Site III is in the Serra do Amolar in the Brazilian Pantanal ecoregion, located in the states of Mato Grosso and Mato Grosso do Sul, Brazil (−17° 57′ 40.7″N, −57° 28′ 48.3″E to −18° 11′ 53.8″N, −57° 23′ 20.1″E). This area ranges in altitude from ~80 m.a.s.l. on the banks of the Paraguay River to the highest peak at 1,000 m (Porfirio et al. 2014). Mean temperature is 25 °C (Rohli and Vega 2008; Fernandes et al. 2010) and the average annual rainfall is 1,400 mm, with variation between 800 and 1,600 mm, concentrated during the rainy season from January to June (ANA Agência Nacional das Águas et al. 2005). This area is characterized by a mosaic of forests and riparian forest along the Paraguay River (59%) and associated waterways and wetlands (35%), dry and humid savannahs (6%) (Porfirio et al. 2014; IBGE Instituto Brasileiro de Geografia e Estatística 2020). The areas surrounding the study site in the Serra do Amolar present a high deforestation index with extensive agricultural areas and urban regions (Casagrande and Santos-Filho 2019), though the study area consists of a series of contiguous private natural heritage reserves with no production activity and good forest cover.

Camera trapping

We conducted camera trapping surveys between the end of April and early August 2014 at Site I (both dry and rainy seasons), in April–May 2014 at Site II (rainy season), and December 2019–February 2020 at Site III (end of dry season and beginning of rainy season) without the use of any bait or lure. Despite season transitioning in Sites I and III, habitat conditions can be considered stable with no flooding occurring in and around camera grids. Furthermore, seasonal changes do not have a significant effect on ocelot relative abundance (Negrões et al. 2011) and occupancy (Massara et al. 2015).

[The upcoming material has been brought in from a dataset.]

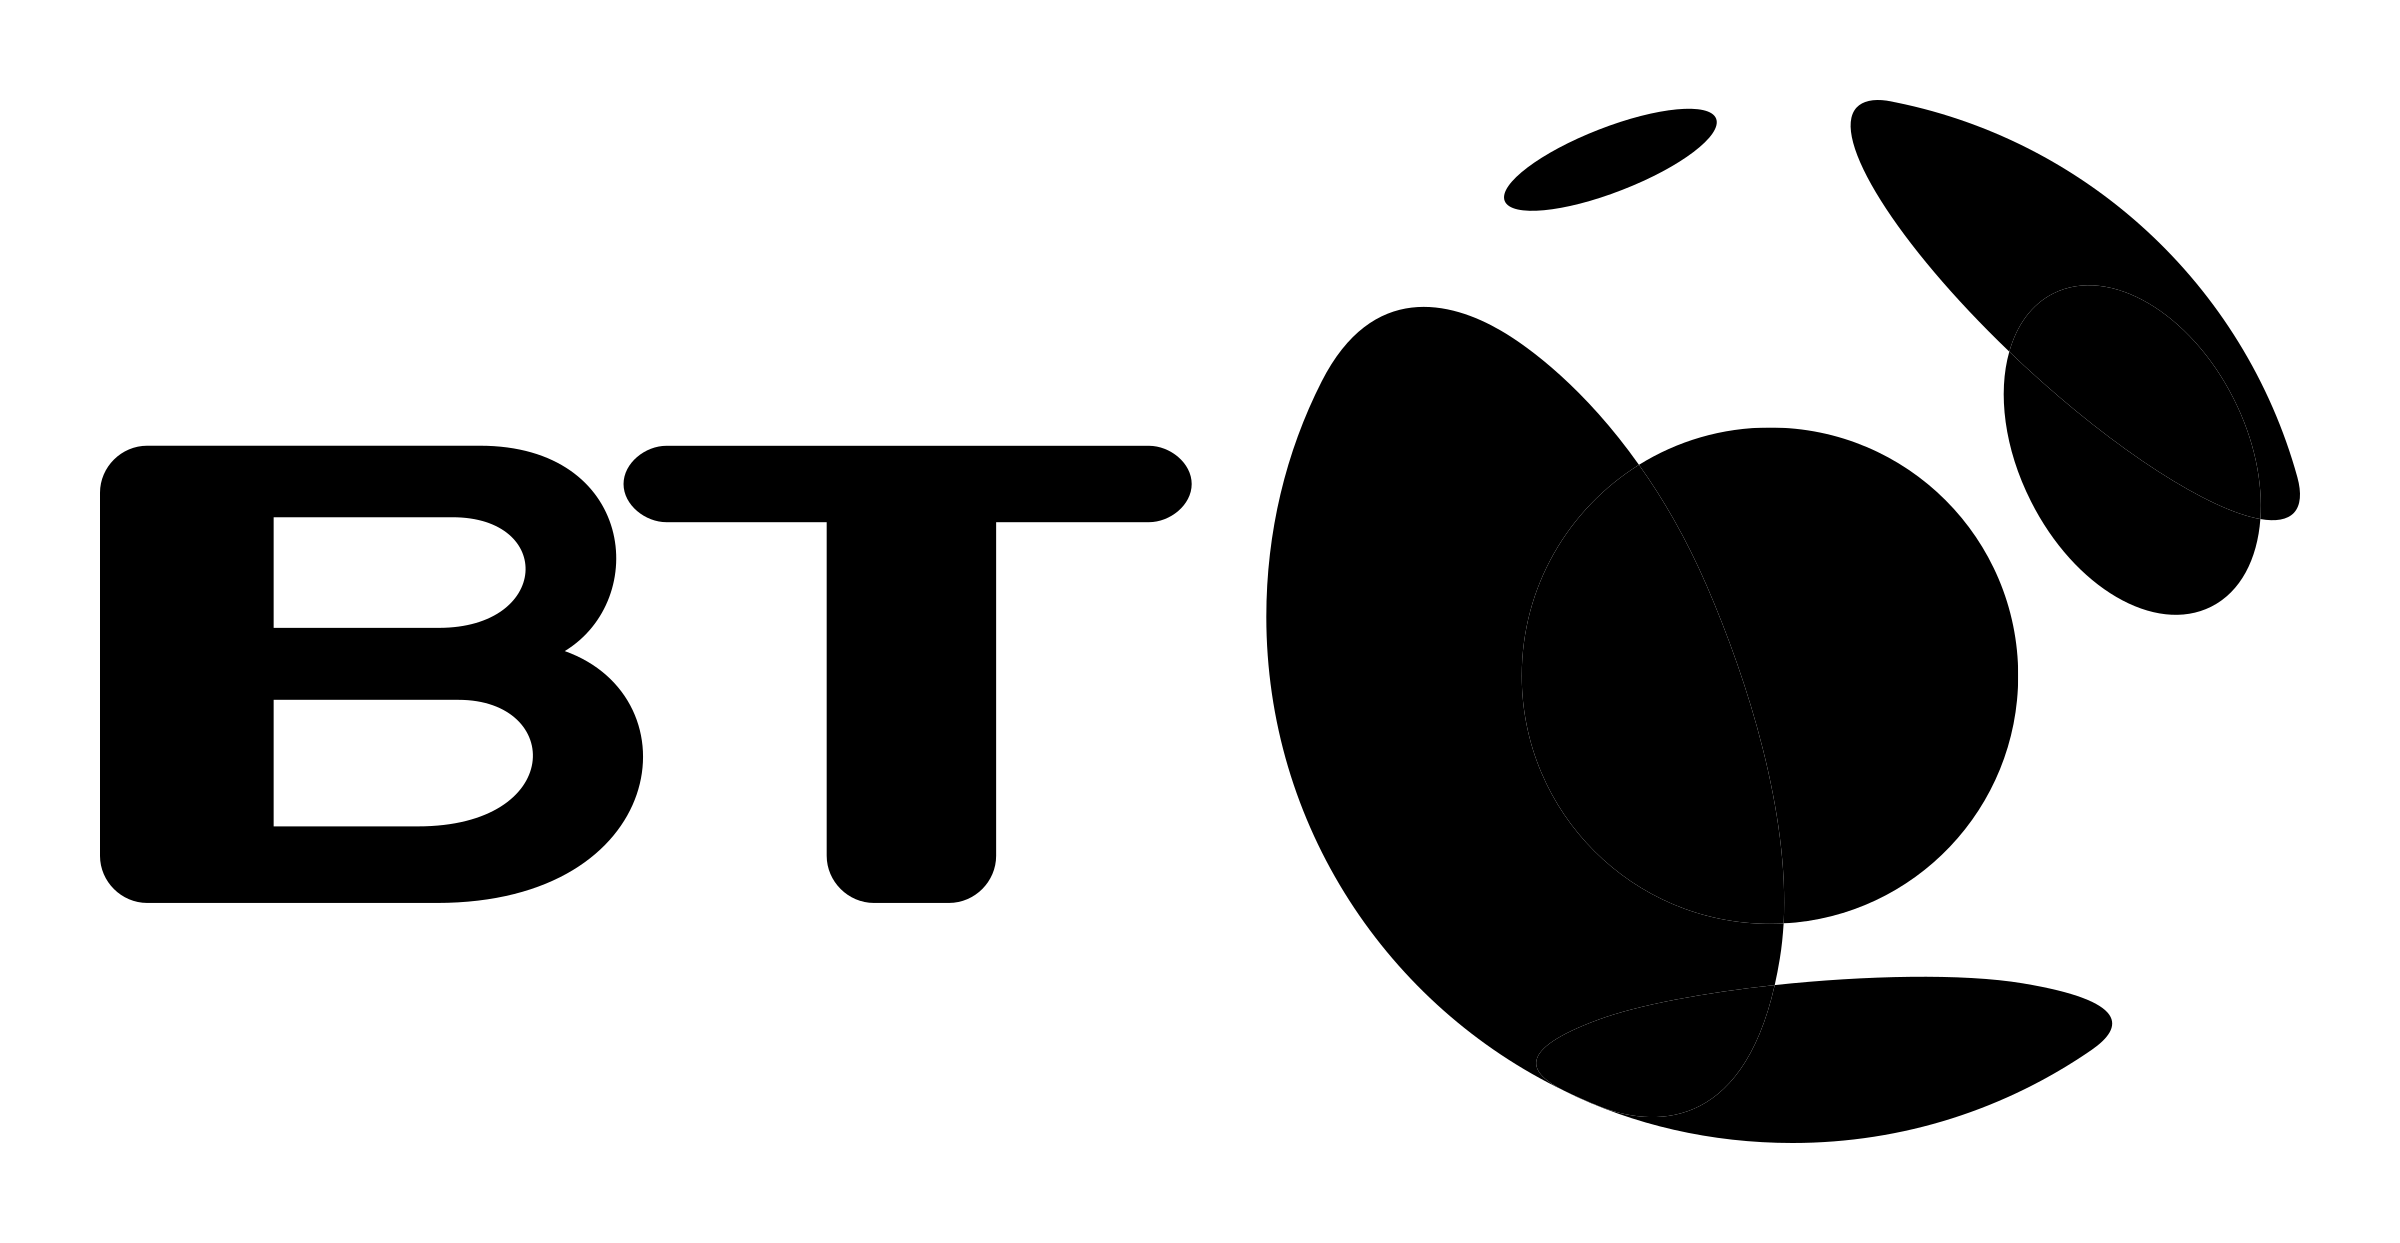 BT Group Logo PNG Transparent & SVG Vector.

We used a blocked design (i.e. two adjacent and subsequent blocks) at Site I, and a continuous design at Site II and Site III. Our camera grid consisted of 47 stations across 154.8 km² (Minimum Convex Polygon, MCP) at Site I, 53 stations across 151.3 km² at Site II, and 39 stations across 190 km² at Site III. The MCPs are of appropriate size for ocelot density studies (Massara et al. 2015; Rocha et al. 2016; Satter et al. 2019a). We used Cuddeback Attack (model: 1149) and Ambush (model: 1170) camera traps at Site I, Panthera cameras (Series 3 and 4) at Site II and Cuddeback (model: 1279) and Bushnell (model: 119876) camera traps at Site III. We programmed them for continuous operation of 24 h with a 30-s interval between photos. We checked cameras every 30 days where necessary to change batteries and retrieve memory cards.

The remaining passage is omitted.